一、总体进步是“规范性的”,具体退步是“实施中被异化的”
刑诉法四十七年三次修改,从164条到308条,每一次修改都在规范层面往前推进。
1979年解决“有没有”的问题,结束了“政策代替法律”的无法无天状态。1996年明确废除收容审查,把律师介入时间从审判阶段提前到审查起诉阶段。2012年“尊重和保障人权”入法,非法证据排除规则确立,侦查阶段律师正式获得辩护人地位。2018年认罪认罚从宽、值班律师、速裁程序入法。这些进步,无论幅度大小,都是不可逆的结构性嵌入——一旦写进法律,就成为后续改革的基石,成为司法解释不能突破的底线,成为实务部门必须回应的制度压力。
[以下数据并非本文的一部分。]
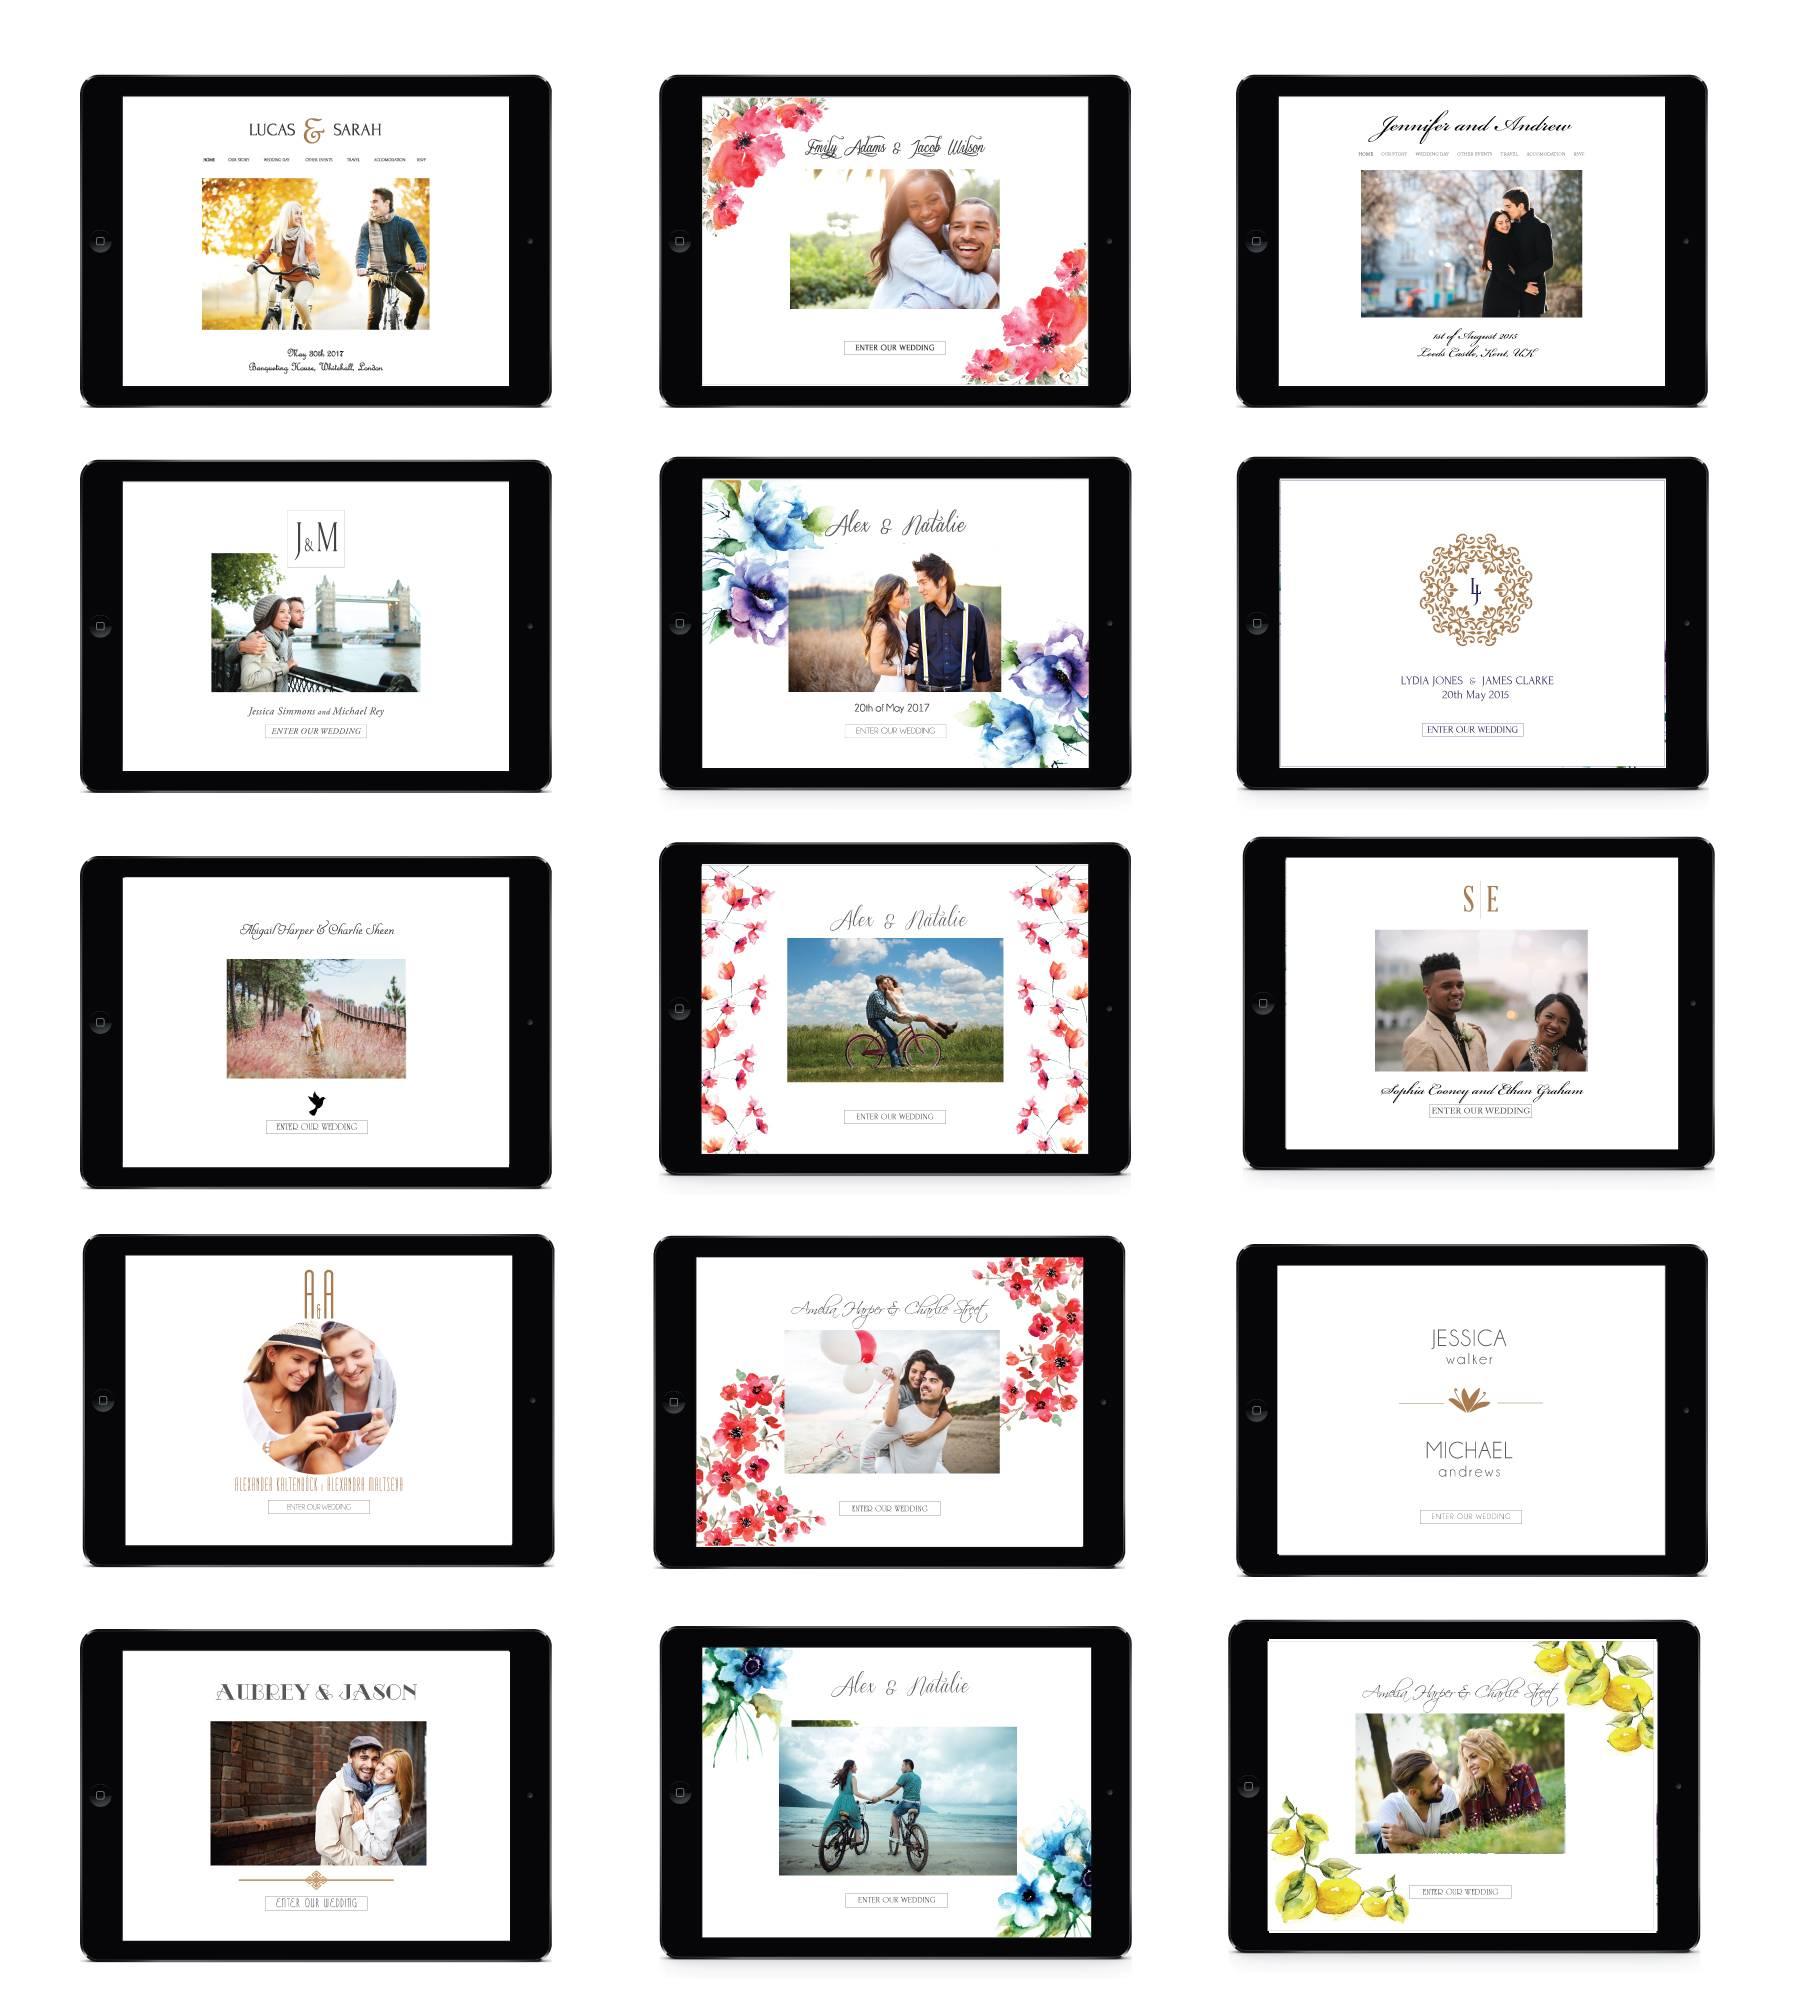 Website-design-examples-for-website

但具体条款在实施中的异化,往往是操作层面、解释层面的倒退。以同步录音录像为例,2012年刑诉法第121条原文规定:侦查人员在讯问时“可以”对讯问过程进行录音或者录像;对于可能判处无期徒刑、死刑的案件或者其他重大犯罪案件,“应当”全程录音录像。法律文本本身是有层次、有区分的,并非简单规定“录音或者录像”。但在后续实务中,司法解释和内部规范将其执行导向“从宽把握”,律师申请复制时被告知“仅供内部监督使用”——这不是法律条文的倒退,而是执行层面对立法初衷的逐步掏空。再比如指定居所监视居住,立法原意是将其作为逮捕的替代措施以限制羁押,但“有碍侦查”的模糊表述,在执行中被技术性地扩大适用,演变为事实上的超羁押手段。
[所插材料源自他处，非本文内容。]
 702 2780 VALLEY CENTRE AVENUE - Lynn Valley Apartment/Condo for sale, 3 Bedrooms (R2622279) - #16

规范性进步是“钢筋骨架”,实施异化是“墙体裂缝”。骨架在长高,裂缝也在扩大,两者并行不悖。这就是为什么张青松律师说2012年修法是“质的飞跃”,但同一部法律里的指居条款,在实践中却被广泛质疑为“秘密拘捕”。
二、“退步”的三重动力:法院的现实权衡、公检的制度套利、权力的扩张本能
具体条款为何会在实施中“越改越坏”?我观察有三重动力,层层递进。
第一重,最高法院通过司法解释做“现实权衡”,在操作细节上往回拉。
以2021年《刑诉法解释》第401条为例。2012年解释第325条曾明确“不得加重数罪中某一罪的刑罚”,但2021年解释第401条将其修改为“不得对刑罚执行产生不利影响”——从明确禁止变为模糊兜底。法院系统的考量有其现实基础:原规则在数罪案件中过于僵化,若一审对A罪量刑畸轻、B罪量刑适当,二审无法单独加重A罪,导致全案纠错困难。但问题在于,这种“务实”调整直接侵蚀了上诉不加刑原则的刚性。该原则的价值恰恰在于“绝对”——一旦开口子,被告人上诉的心理压力就会重现,上诉权保障便沦为空谈。法院系统作为司法解释制定者,天然倾向于扩大程序控制权、压缩辩护权对审判权的挑战空间,这种“拉回”往往打着“解决实践操作困难”的旗号,但其对权利保障的侵蚀不可忽视。
第二重,公检两家“松一松跑十里”,钻各种空子进行制度套利。
公安机关对指居的滥用,是教科书级别的“制度套利”。2012年立法时,指居的适用罪名是“危害国家安全犯罪、恐怖活动犯罪、特别重大贿赂犯罪”(现行法第75条已删除“特别重大贿赂犯罪”),审批程序须经上一级公安机关批准,执行地点“不得在羁押场所、专门的办案场所”。三重保险,立法者想得很周到。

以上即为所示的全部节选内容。